CVE-2026-55948: Update Excel to Stop Malicious Workbook RCE

CVE-2026-55948 is a high-severity Microsoft Excel vulnerability that can let an attacker run arbitrary code after a user opens a malicious workbook. Microsoft published the flaw on July 14, 2026, with a CVSS 3.1 score of 7.8 and the vector AV:L/AC:L/PR:N/UI:R/S:U/C:H/I:H/A:H.
The apparent contradiction between “Remote Code Execution” in Microsoft’s title and AV:L, or Local Attack Vector, is a matter of terminology rather than conflicting technical assessments. As Microsoft explains in its Security Update Guide, remote describes the attacker’s position, while CVSS Attack Vector describes how exploitation reaches the vulnerable Excel component.
In practical terms, the attacker may send the workbook remotely through email, Microsoft Teams, a website, cloud storage, or another delivery channel. The vulnerability is triggered locally when Excel processes that file on the victim’s computer.

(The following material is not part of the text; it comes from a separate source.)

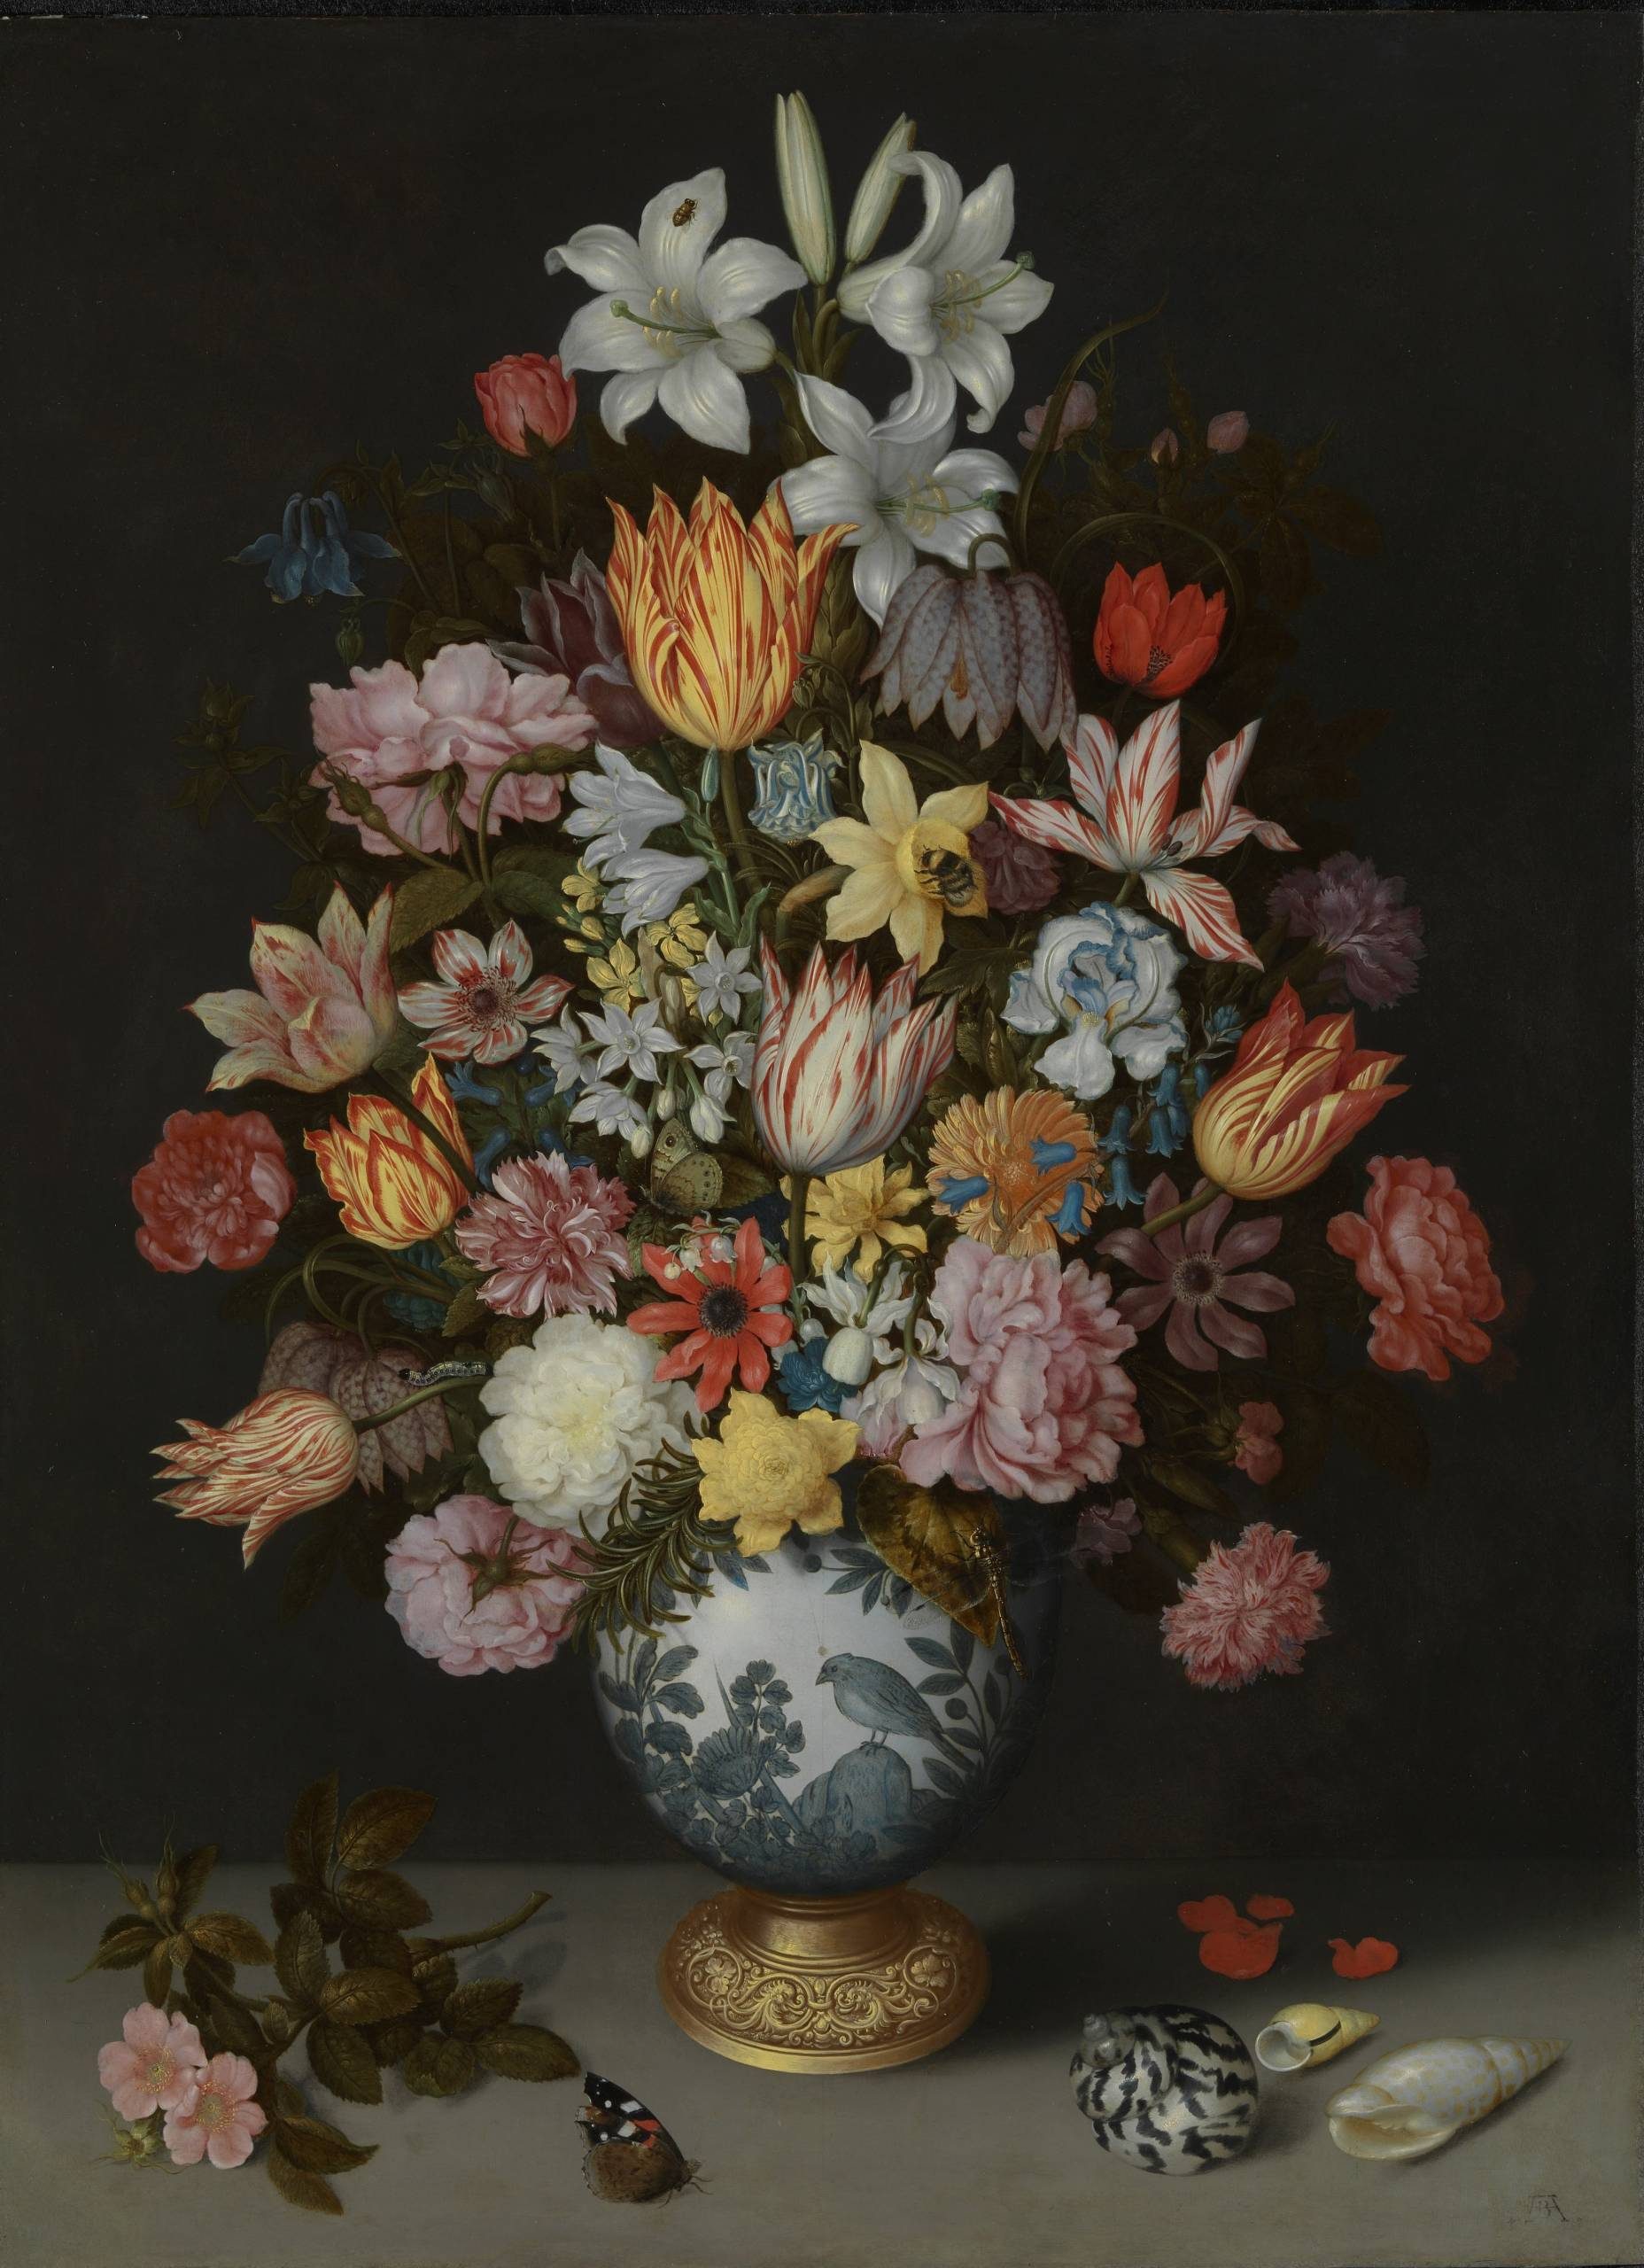 A still life painting of a vibrant flower arrangement. The vase contains a lush bouquet of various flowers in shades of red, pink, white, and yellow. The flowers include tulips, roses, lilies, and other blooms. The arrangement is set against a dark background, and there are a few small details like a butterfly and shells scattered around the base.
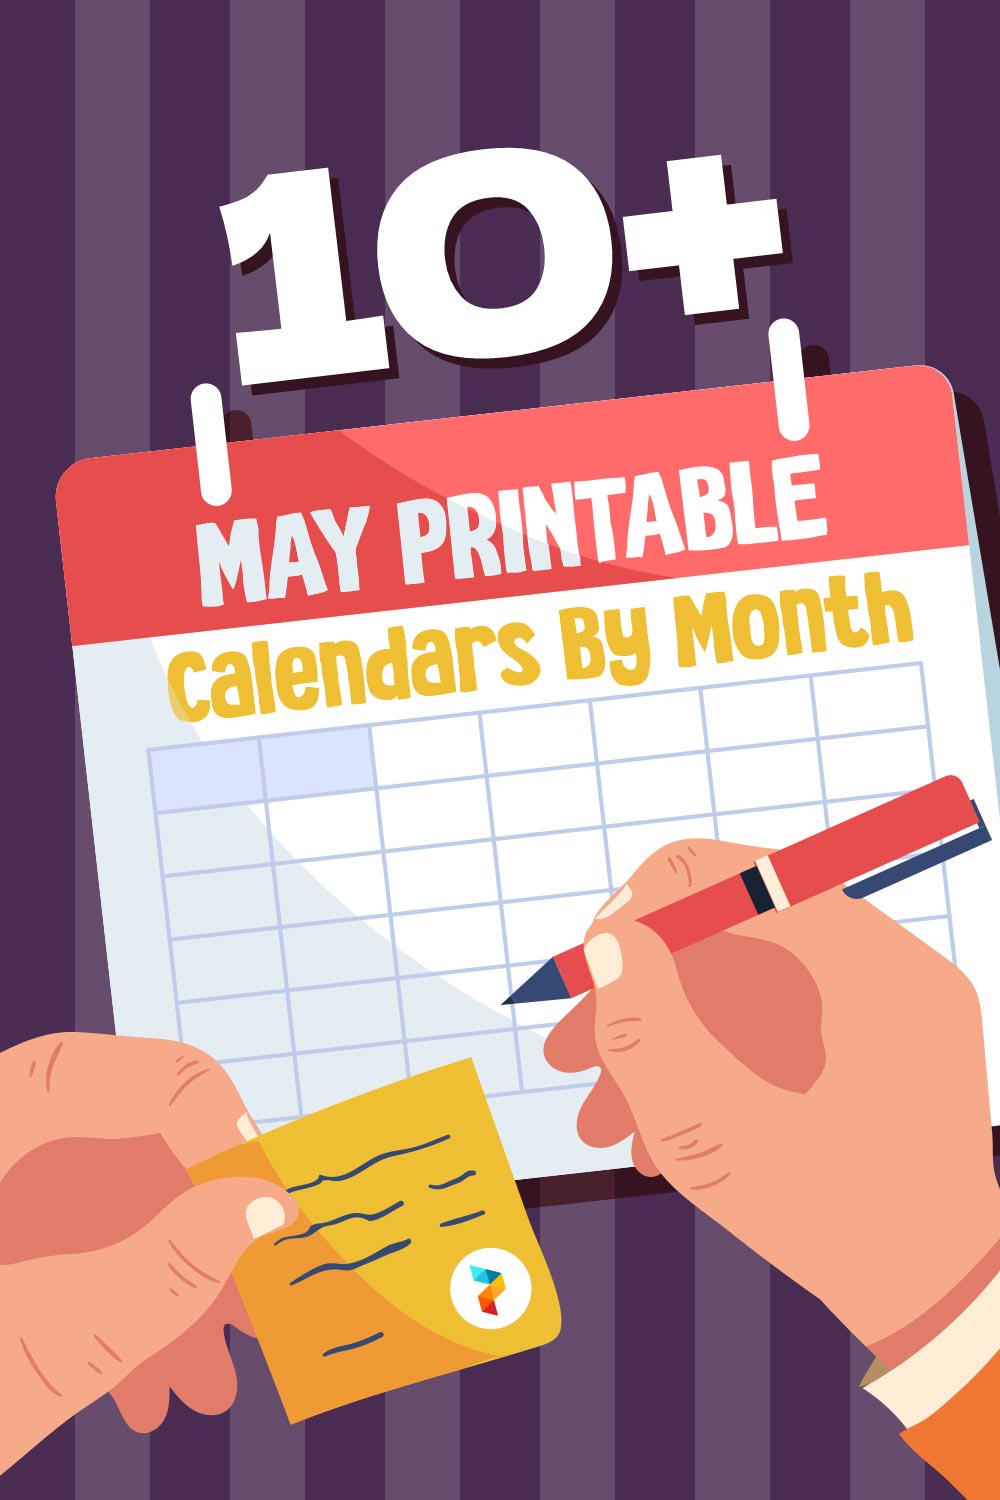 May Printable Calendars By Month

Cyberattack diagram showing a malicious Excel file exploiting a memory use-after-free vulnerability.Remote Delivery Does Not Make the Parser Network-Facing​

CVE-2026-55948 is a use-after-free vulnerability, classified as CWE-416. Microsoft’s CVE description says the memory-safety error in Microsoft Office Excel allows an unauthorized attacker to execute code locally.
That wording reflects the CVSS model. Excel’s vulnerable file-processing component is not exposed as a network service that an attacker can directly address with specially crafted packets. Instead, the malicious content must reach Excel and be processed on the target machine.
The distinction becomes clearer by comparing two hypothetical attacks. A flaw in a server listening on a TCP port may receive attacker-controlled data directly across the internet, qualifying for AV:N. A malicious Excel workbook can also arrive across the internet, but the final exploitation step occurs inside the locally running Excel process after the user opens or otherwise processes the document.
The official CVSS 3.1 specification maintained by FIRST explicitly allows this interpretation. A vulnerability is scored AV:L when exploitation depends on local read, write, or execution capabilities, including cases where an attacker uses social engineering to persuade another person to open a malicious document.
FIRST’s CVSS examples go further: a document-parsing vulnerability that does not inherently require a network is generally scored Local regardless of whether the malicious document was distributed through a website, email, or removable drive. The delivery mechanism and the vulnerable component’s attack surface are related, but they are not the same metric.
That makes local execution the technical trigger, not necessarily the attacker’s physical location. The attacker does not have to sit at the keyboard or already hold an interactive account on the Windows PC.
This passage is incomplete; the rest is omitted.